How to complete this task:
Retype the lines of the material below, exactly and only, from the one containing "Pedro Martinez Ambassadeur" through the last line, with pictures left out.

Recorded information:
'''

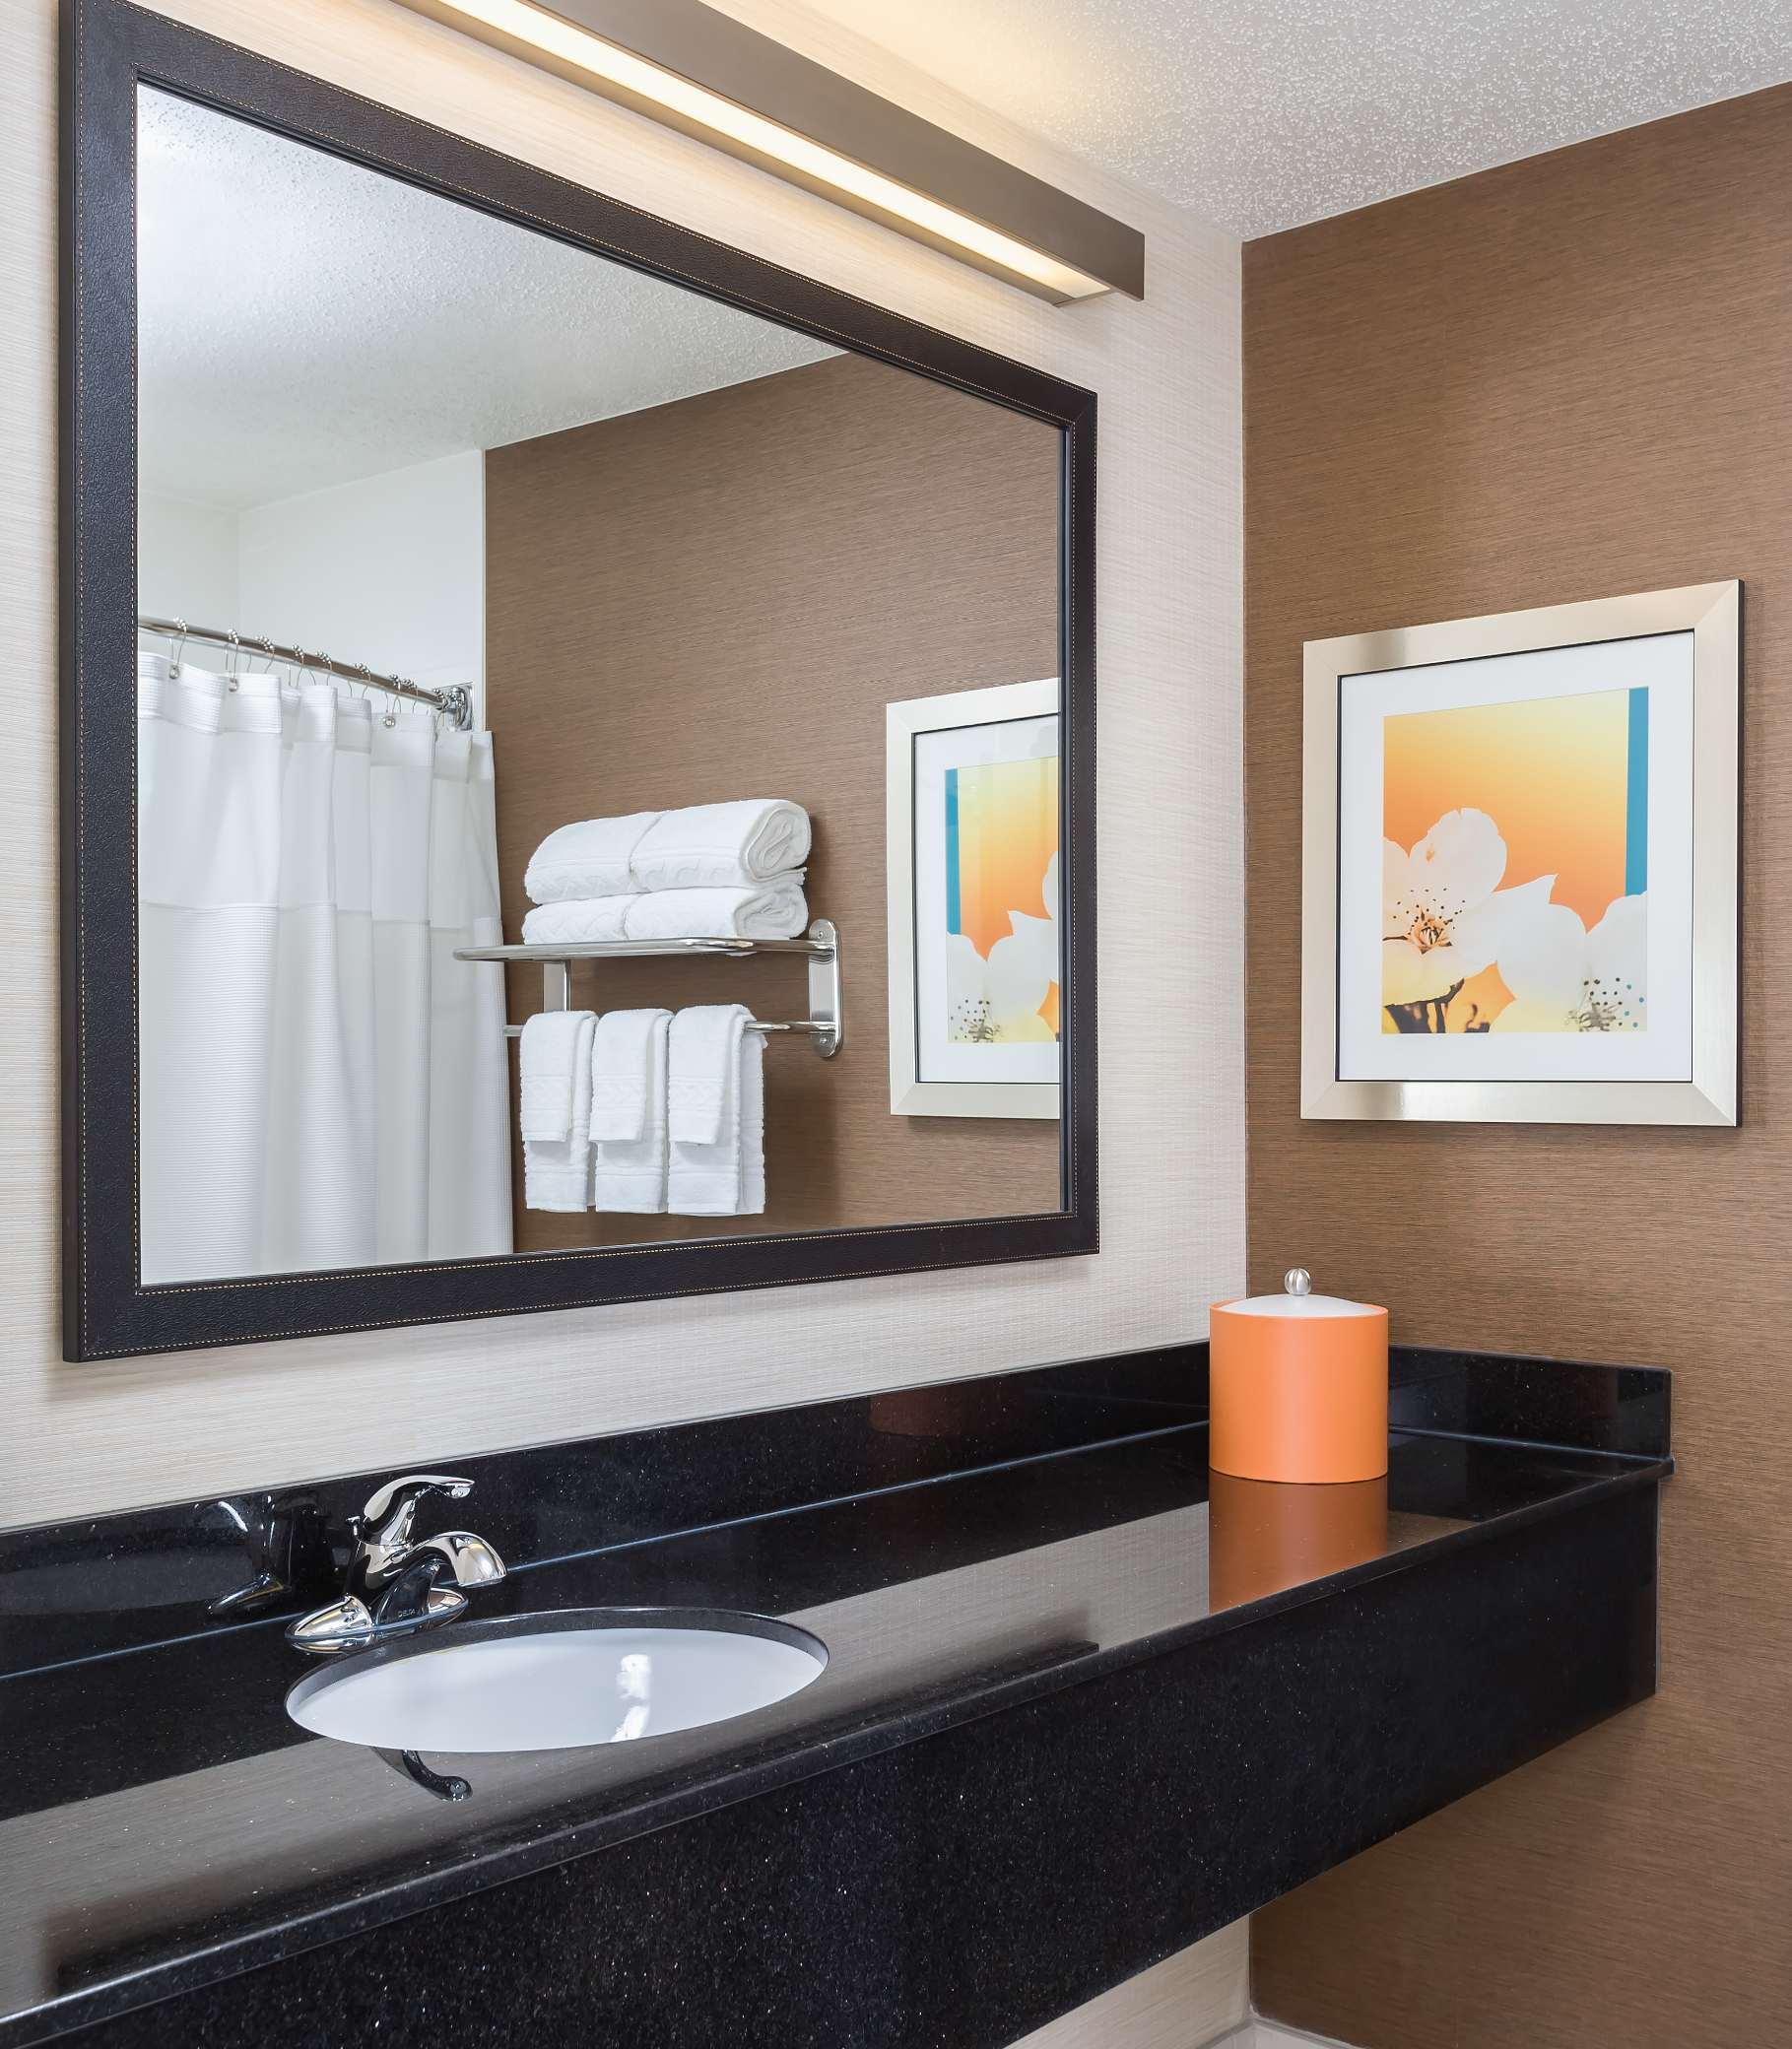 Fairfield Inn & Suites by Marriott Lafayette image 13
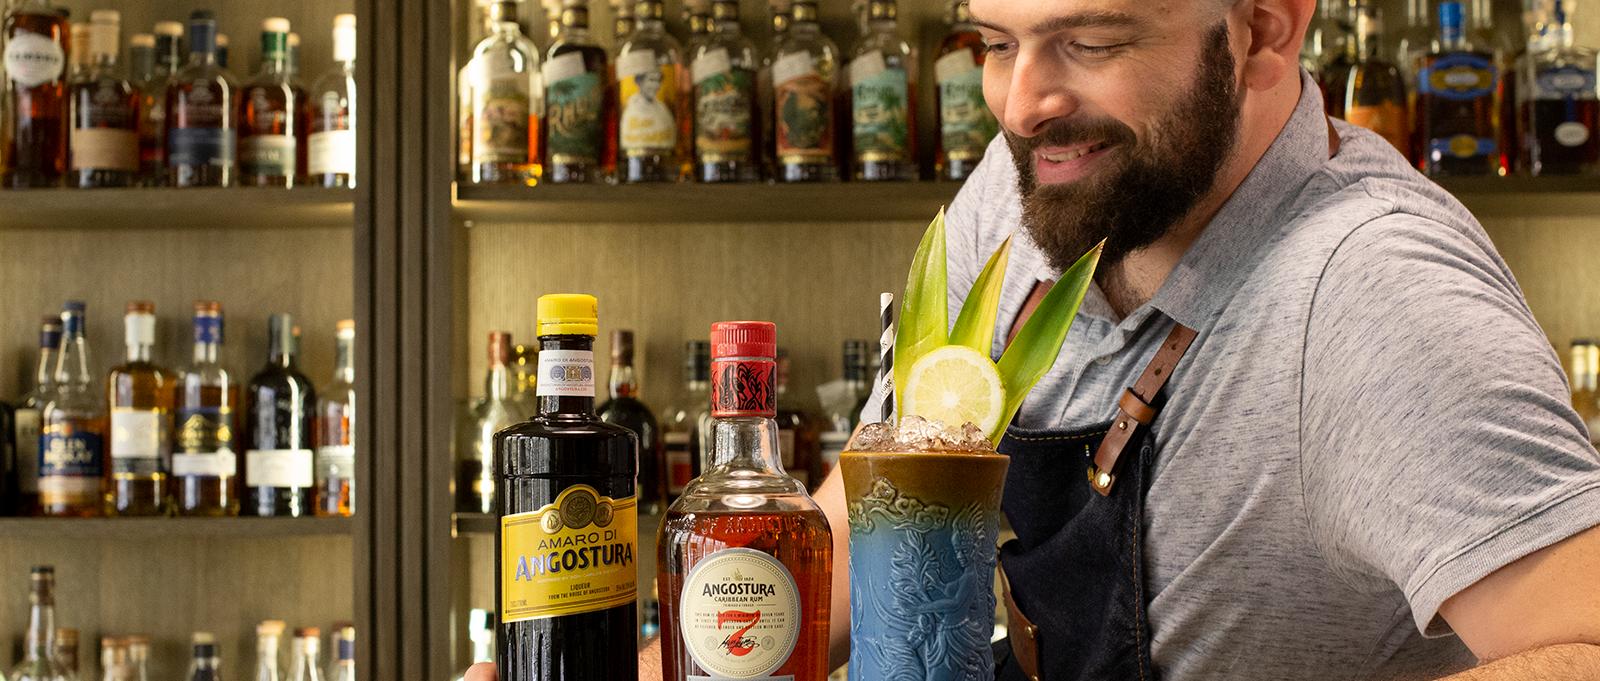 Pedro Martinez Ambassadeur Angostura Dugas Club Expert Cocktail d'été
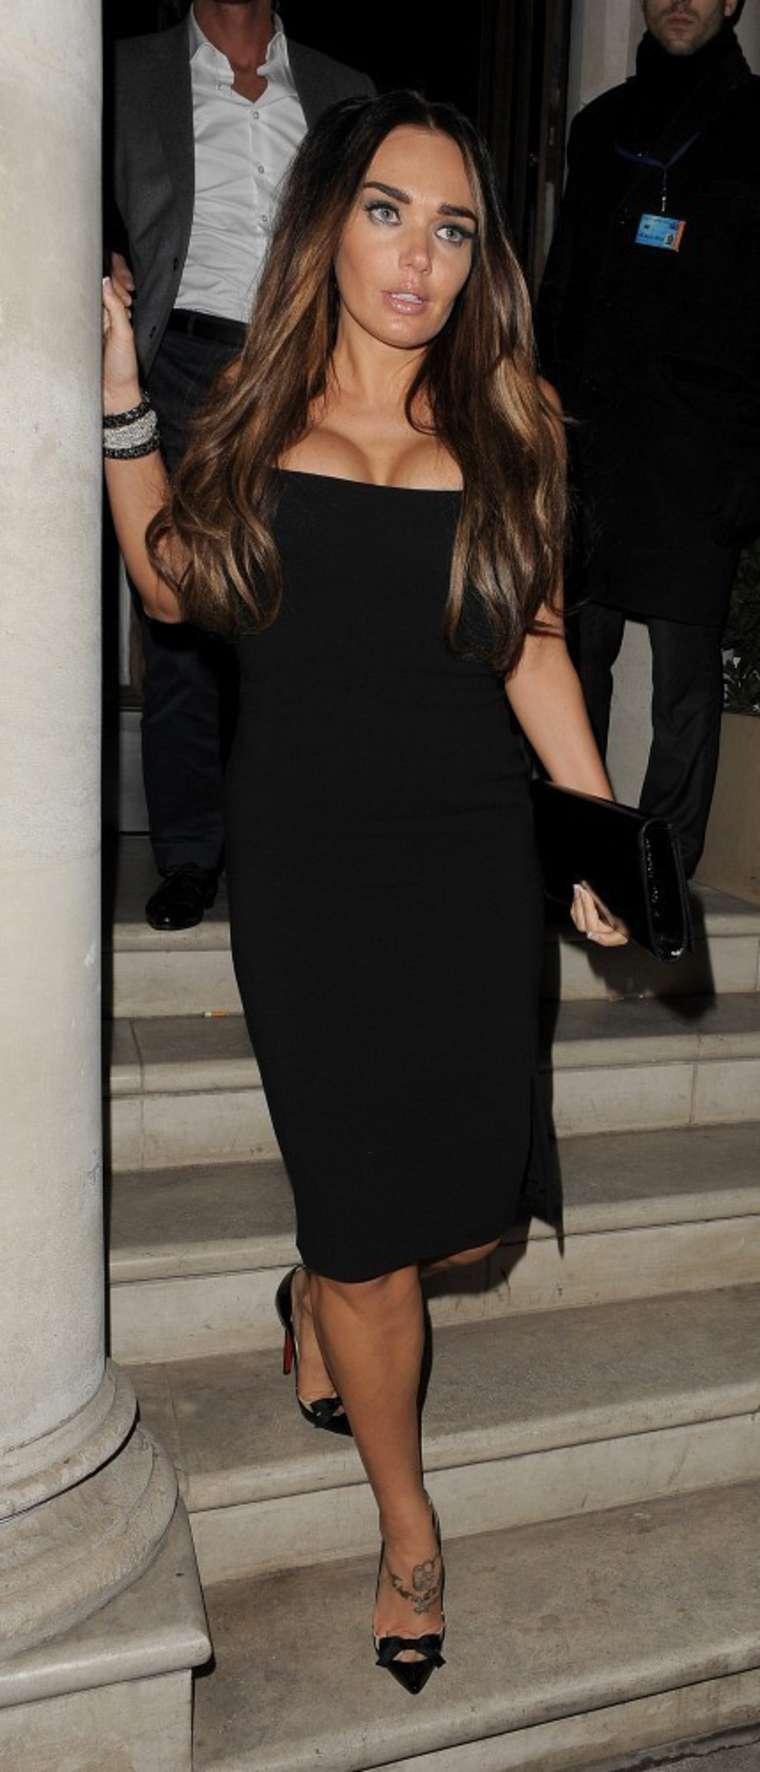 Tamara Ecclestone In Black Dress -05 - GotCeleb Rihanna
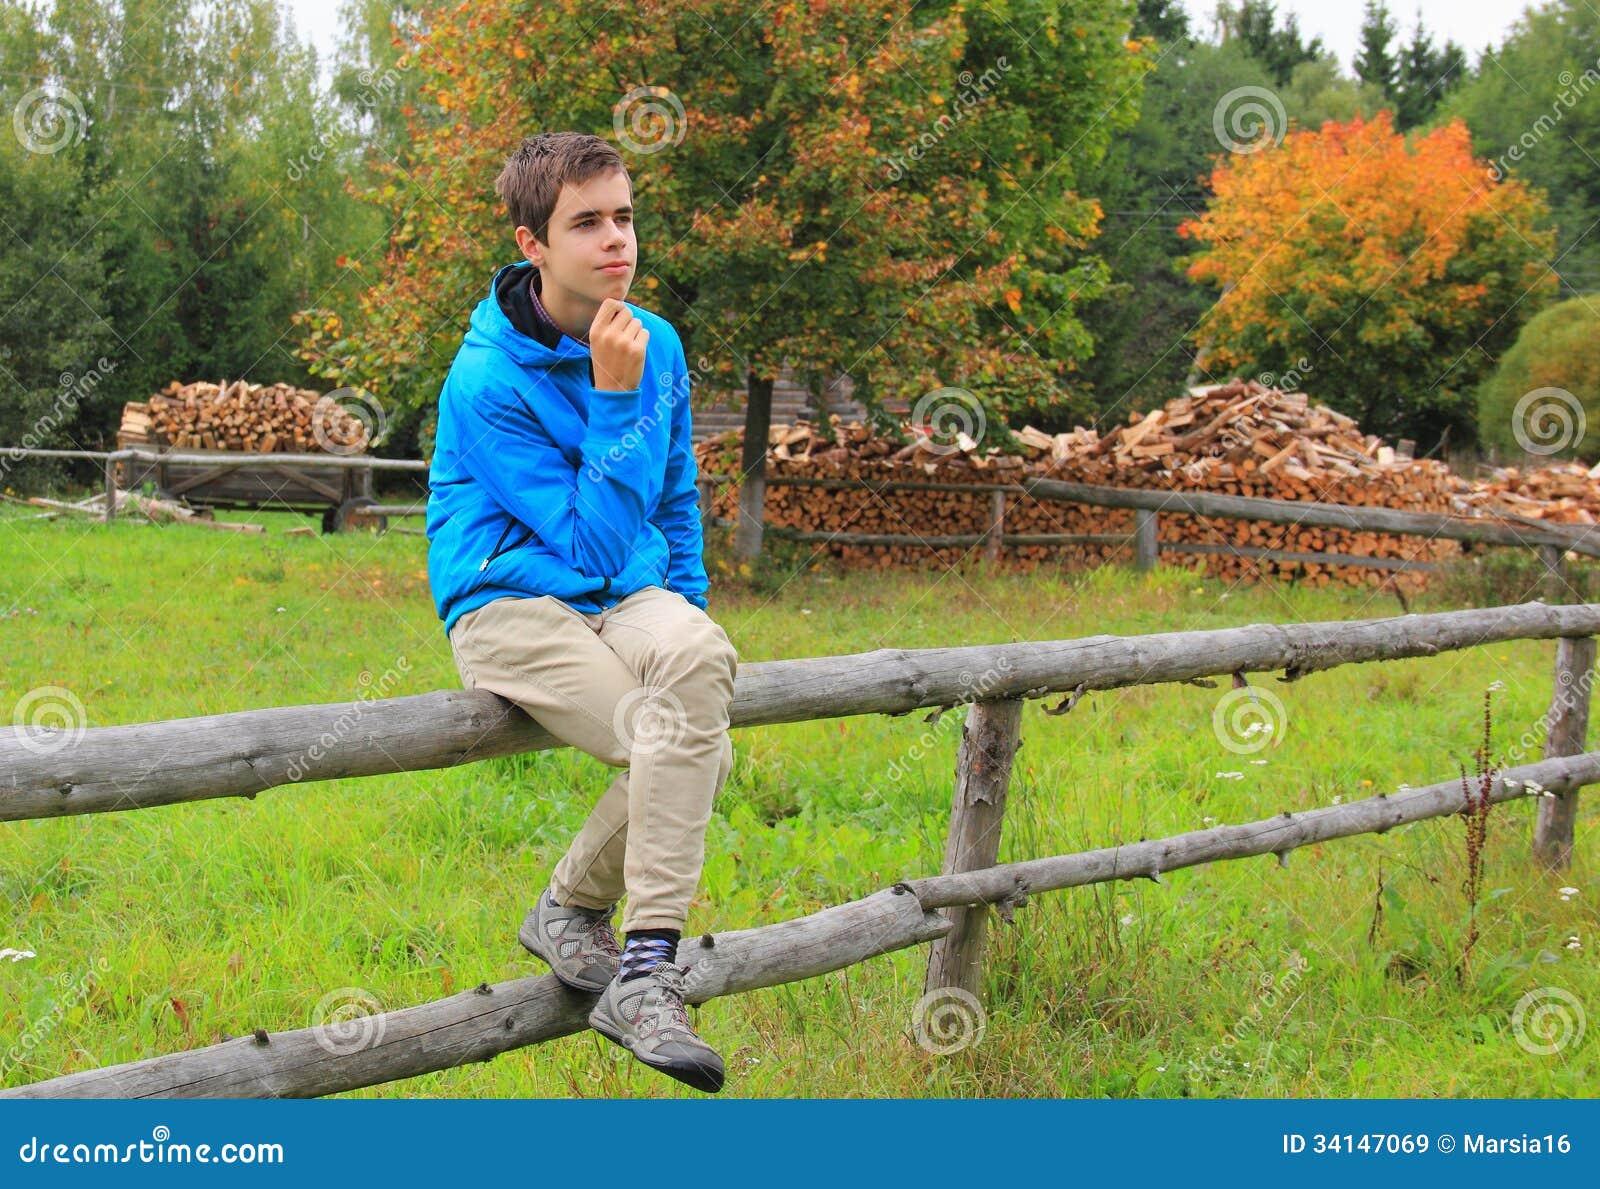 Teenage Boy Sitting On A Fence Royalty Free Stock Images - Image: 34147069

'''

Written response:
 Pedro Martinez Ambassadeur Angostura Dugas Club Expert Cocktail d'été
 Tamara Ecclestone In Black Dress -05 - GotCeleb Rihanna
 Teenage Boy Sitting On A Fence Royalty Free Stock Images - Image: 34147069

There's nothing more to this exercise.